KAUNITZ, Wenzel Anton (1711-1794), count of Rietberg, Austrian statesman, was born at Vienna, February 2, 1711. As the fifth and youngest son of an Austrian count, he was destined at first for the church, but on the death of his brothers he turned his attention to statesmanship. He was sent by Maria Theresa on embassies to Rome and Florence, and was engaged at Turin in strengthening the alliance between Austria, Sardinia, and Great Britain against the Bourbons. In the meantime he had acquired the countship of Rietberg by marriage. In 1744 he was sent as minister to the court of the duke of Lorraine, governor-general of the Austrian Netherlands. During the duke's absence, Kaunitz administered affairs ably; and, when the French besieged Brussels in 1746, he secured a free retreat for the Austrian troops to Antwerp. After a brief retirement on account of his health, Kaunitz reappeared on the political stage at the congress of Aix-la-Chapelle in 1748, where he laid the foundation of his reputation, and earned the rank of minister of state. During his stay as ambassador at Paris, from 1750 to 1752, he concluded a secret alliance between Austria and France, a diplomatic stroke which involved the complete reversal of the former hostile attitude of the two powers, and which was rewarded by his appointment as chancellor of state or prime minister.

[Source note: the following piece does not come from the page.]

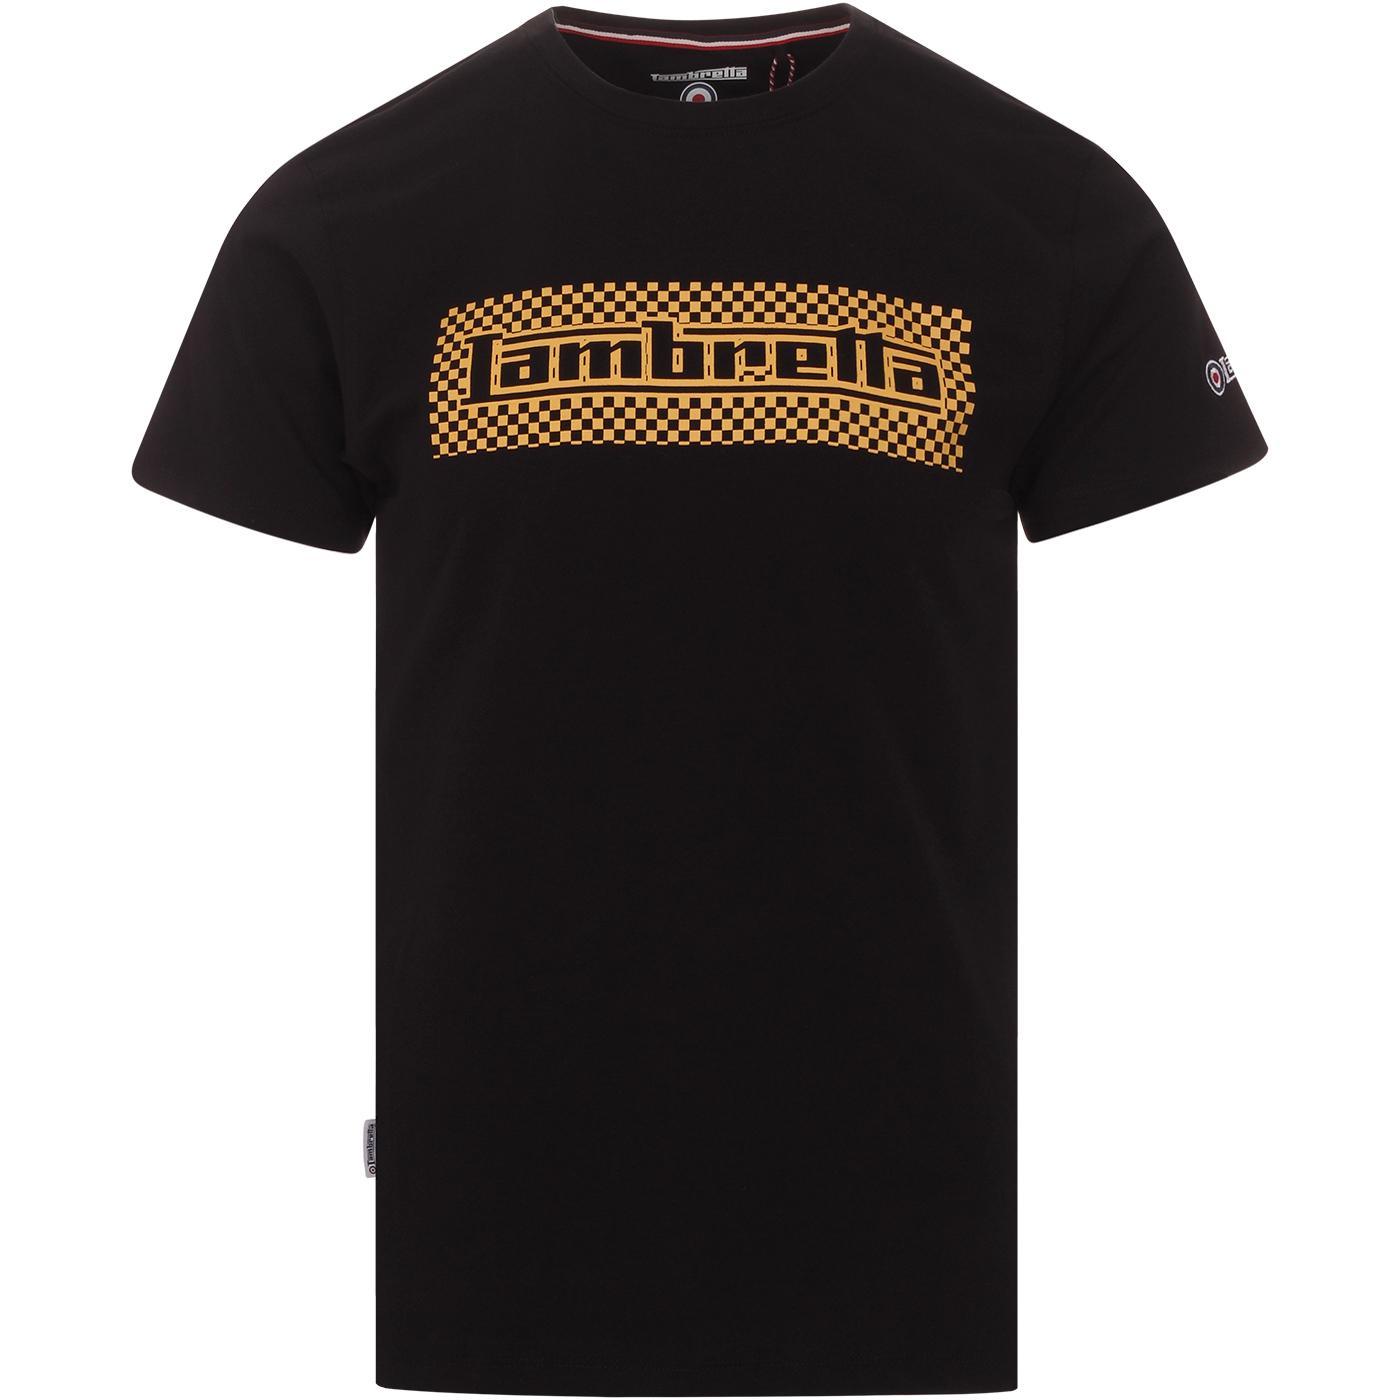 LAMBRETTA Mod Ska Checkerboard T-shirt (Black)

In 1756 he was made chancellor of the Netherlands and of Italy. For nearly forty years he continued in this capacity to direct the affairs of Austria, steadily cultivating the French and Russian alliances, and jealously watching the rising power of Prussia, against which he formed the coalition of 1756. At the partition of Poland in 1772 he secured Galicia for Austria; and it was during his ministry also that Bukowina (1776) and the so-called “Inn quarter” came under the Austrian crown. He enjoyed the unbounded confidence of Maria Theresa, and was an active agent in furthering the reforms under her and her son Joseph II. He showed himself a liberal patron of education and art, as well as an accomplished statesman. Under Joseph II. and Leopold II. his influence waned, and he resigned all his offices at the accession of Francis II. in 1792. In 1764 he was created a prince of the empire. He died June 27, 1794.

See the life by Hormayr in the Oesterreichischer Plutarch, and Denkschriften des Fürsten Kaunitz, Vienna, 1872, by Beer.